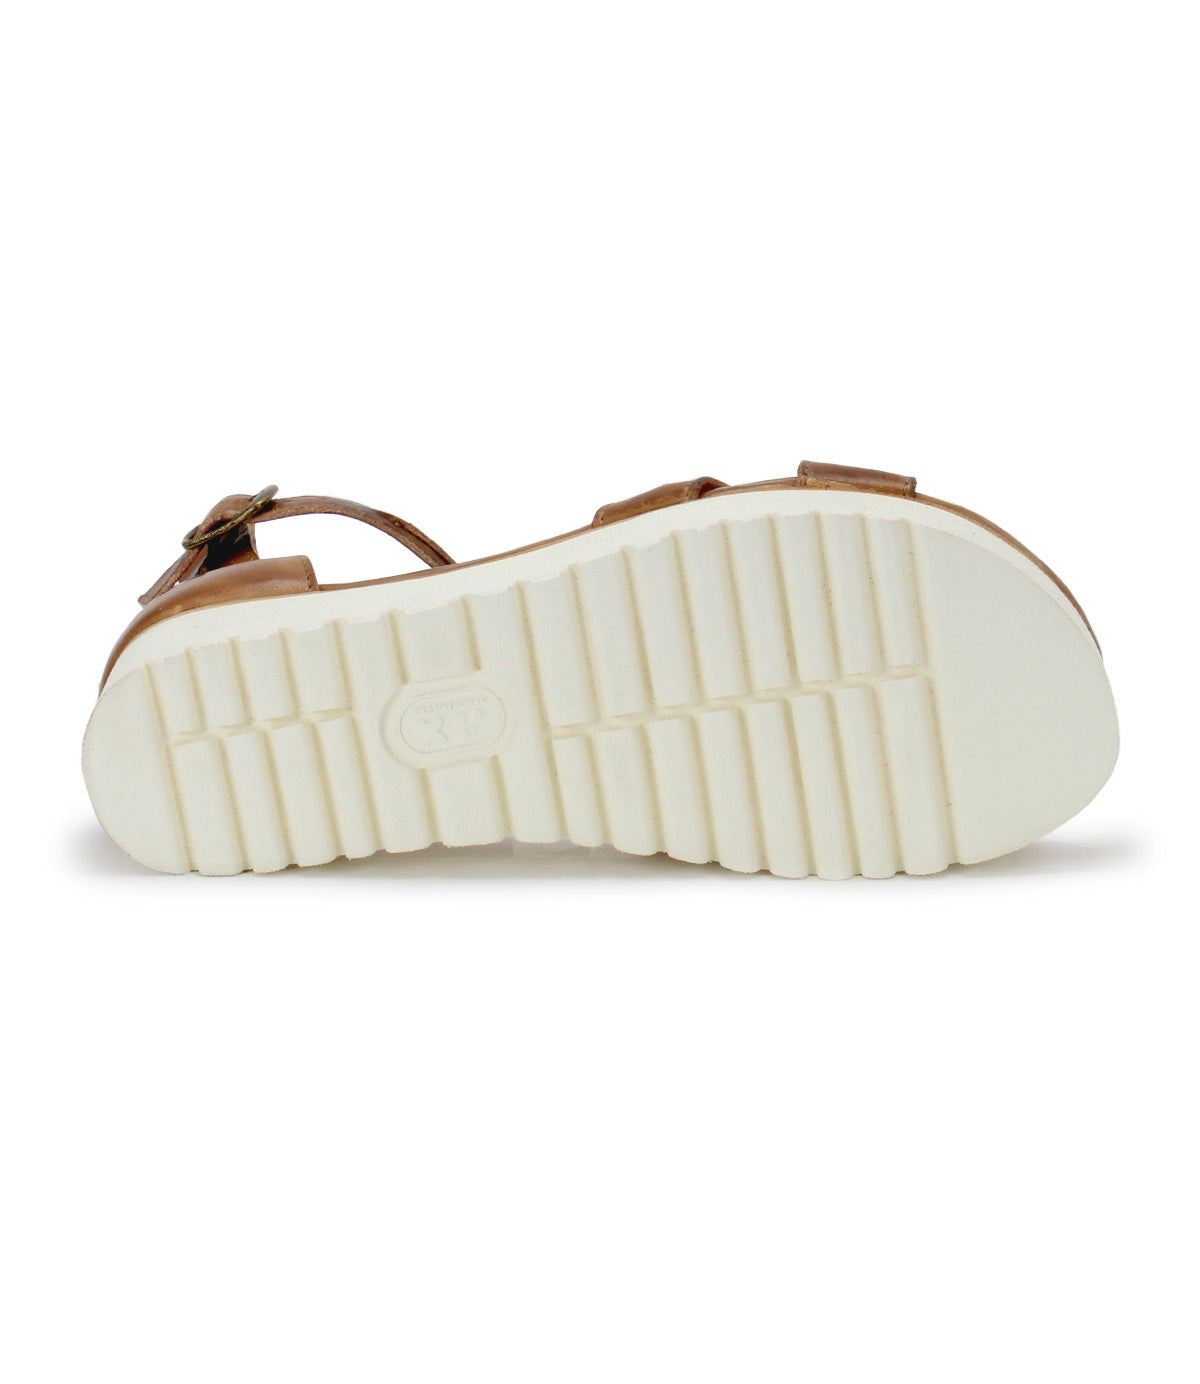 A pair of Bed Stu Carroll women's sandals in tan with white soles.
☆ ☆ ☆ ☆
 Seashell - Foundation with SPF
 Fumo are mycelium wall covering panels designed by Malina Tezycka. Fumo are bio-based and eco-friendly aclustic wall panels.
☆ ☆ ☆ ☆
**PROBLEM REQUIREMENTS:** Within the material above, the line with "Seashell - Foundation with SPF" opens the range and the line with "Fumo are mycelium" closes it; reproduce that range word for word.

**SOLUTION FOR THIS EXERCISE:**
 Seashell - Foundation with SPF
 Fumo are mycelium wall covering panels designed by Malina Tezycka. Fumo are bio-based and eco-friendly aclustic wall panels.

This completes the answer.